# BMW Club - scenic drive - Ohio River



## kashrahman (May 10, 2004)

Enjoying one of the last nice days of the year!! Put on just over 400 miles driving around Southern Indiana. Lara felt a little sick in the morning, but a touch of dramamine and soon she was back to her old self, "Put the window up! Put it down! Turn the radio up! I'm hungry!" Tried to keep up with the group, but had to modify the schedule a little -- 2 McDonalds stops (and of course, when it's time for lunch, guess who's not hungry??!!)

But still overall it was great fun! 30 people and 15 cars I think. Enjoy!!

Leaving home, 6.45am and yes, that's a pink Hello Kitty 2-way radio on the passenger seat . . . 
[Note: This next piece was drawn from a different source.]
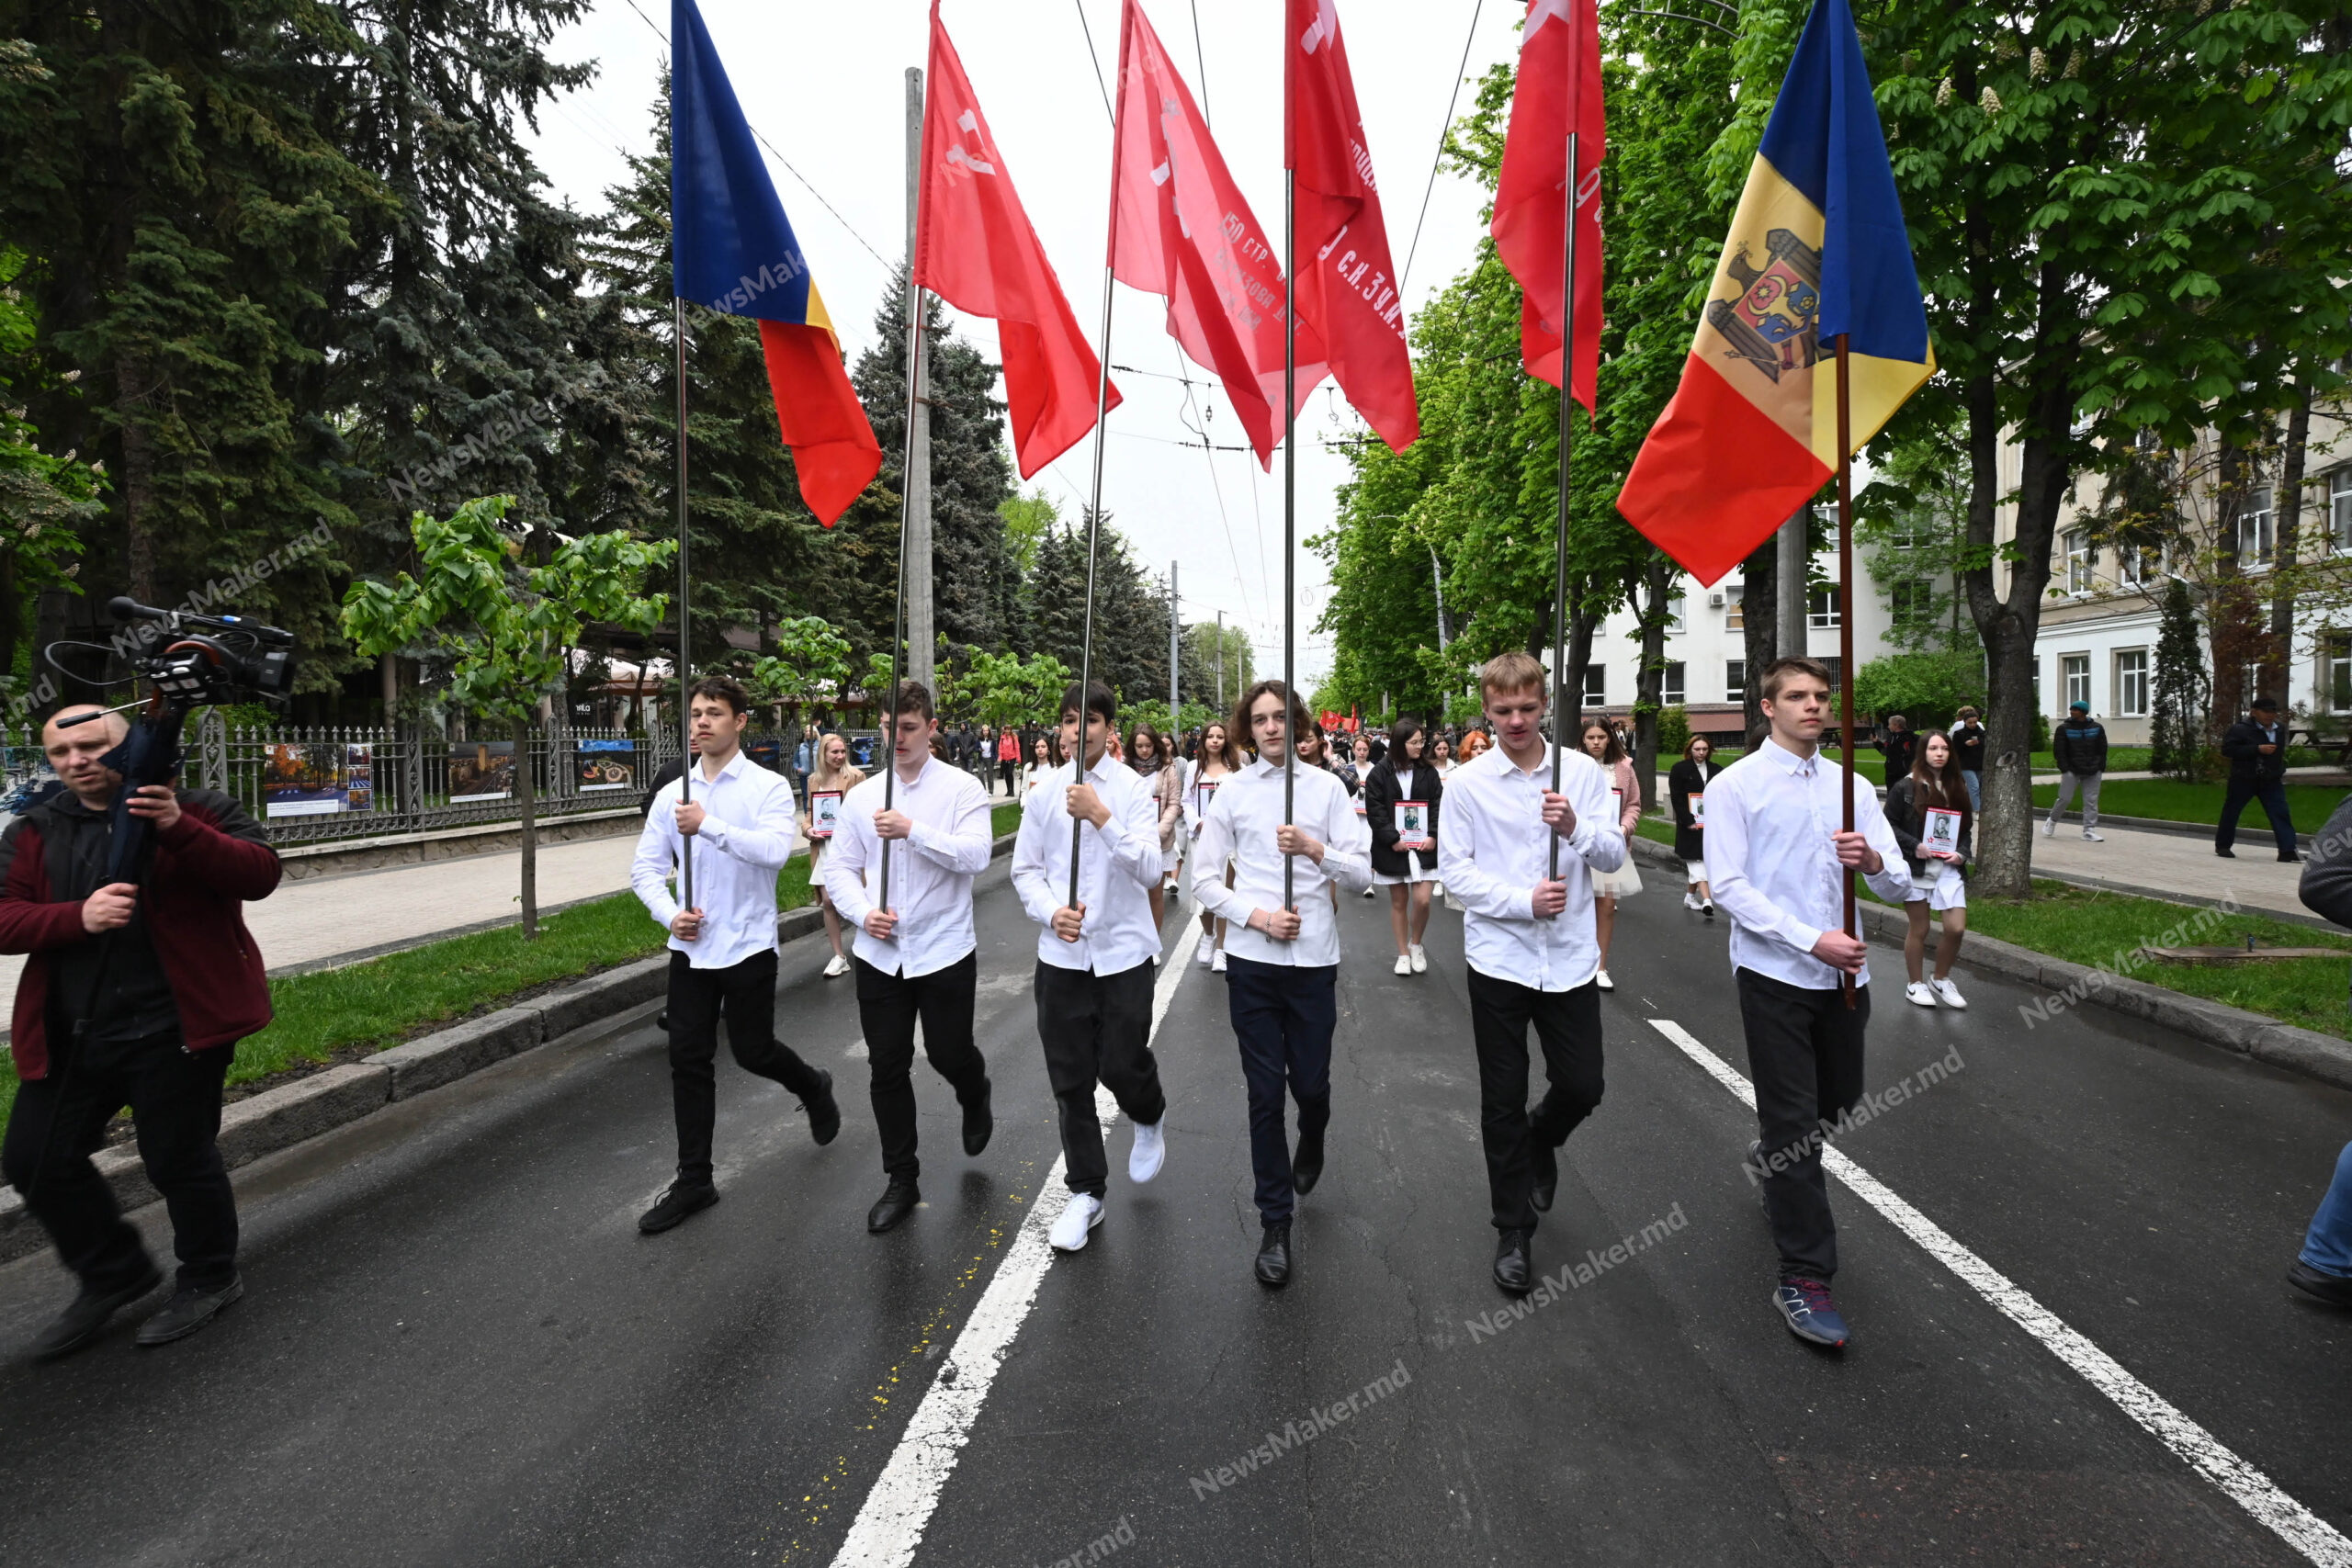 Panglici interzise, Stalin, baloane și nostalgie sovietică. 9 mai la Chișinău - FOTOREPORTAJ

Driving to the meeting point









Meeting old friends and new faces









Lara in the back, with modified wind deflector (same as last year's, but put in a bent hanger to give it more support. Holds up to highway speeds now!)









Scenic shots . . .


----------



## kashrahman (May 10, 2004)

So where did we go on the Ohio River? To the Blue Heron Vineyard! A small, local winery with a beautiful view of the Ohio River. They very nicely set up lunch for us. Lara enjoyed the crackers and chocolate!


















































































Posing . . . .




































Ohio River


----------



## chicagofan00 (Feb 10, 2008)

Looks like you had a nice and relaxing Sunday! Thanks for sharing.


----------



## SailinSand (Aug 24, 2007)

Thanks for sharing! She is such a little cutie! Looks like you two had a GREAT time!


----------



## LondonBlue (Feb 26, 2004)

Cute kid! nice pictures.


----------